The Priority Was Validation, Not Fancy Visuals
This GUI is built with Tkinter. I prioritized development speed and debugging efficiency over visual polish.
Internally, it reuses the same codebase for:
- board state management
- legal move generation
- position evaluation
negamaxsearchMCTS- state transitions for self-play
So this is not just a board display app. It is a frontend designed to remain useful later when checking self-play and training behavior.

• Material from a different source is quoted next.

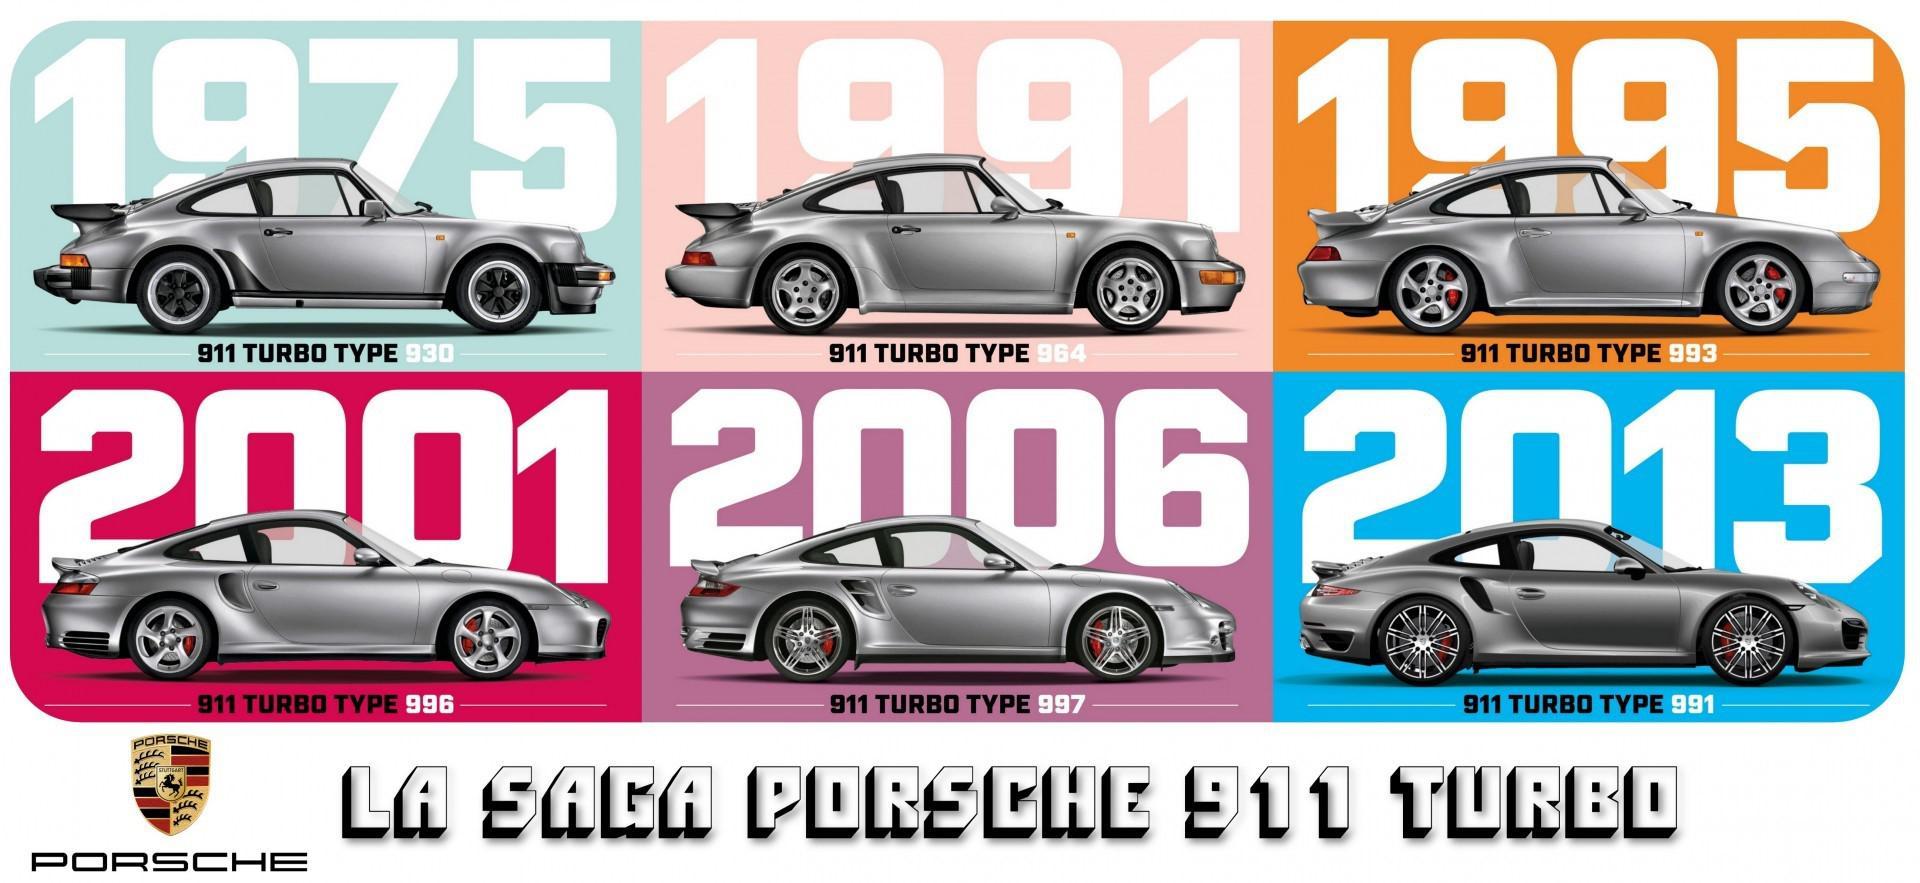 La saga Porsche 911 Turbo: Le guide d'achat

Why This Was Useful So Early
- it helps catch weird rule-implementation behavior quickly
- it makes it easier to tell whether weak play comes from the AI itself or from broken search/terminal logic
- it becomes a base for visualizing self-play and training results later
- saved game records make it easier to revisit suspicious positions
As a tool for validating the engine before serious reinforcement learning, it has already been very useful. Simply being able to see what is happening lowers the debugging burden a lot.
What I Want to Add Next
- switch between trained checkpoints from the GUI
- make self-play progress and win rates easier to inspect
- show candidate moves and search counts in addition to evaluation history
- support loading game records
- make it easier for humans to play against models trained through reinforcement learning
Ultimately, I do not want this to end at “I made a shogi GUI.” I want to keep building on top of it until it becomes part of a real self-trained shogi AI.
The next article will focus on writing my own evaluation function and seeing how far I can get without reinforcement learning.
In other words, part two will be: “Build a custom evaluation function and try playing with zero reinforcement learning.”
Beyond that, I want to find out how much training it takes before the AI becomes strong enough that I can no longer beat it myself. I am around shodan level on Shogi Wars, so that is my personal benchmark. I also want to see whether I can realistically train it that far on my own. This time I will not feed it external game records or joseki, so it will almost certainly be a slower and more roundabout path, but that is exactly what makes it interesting.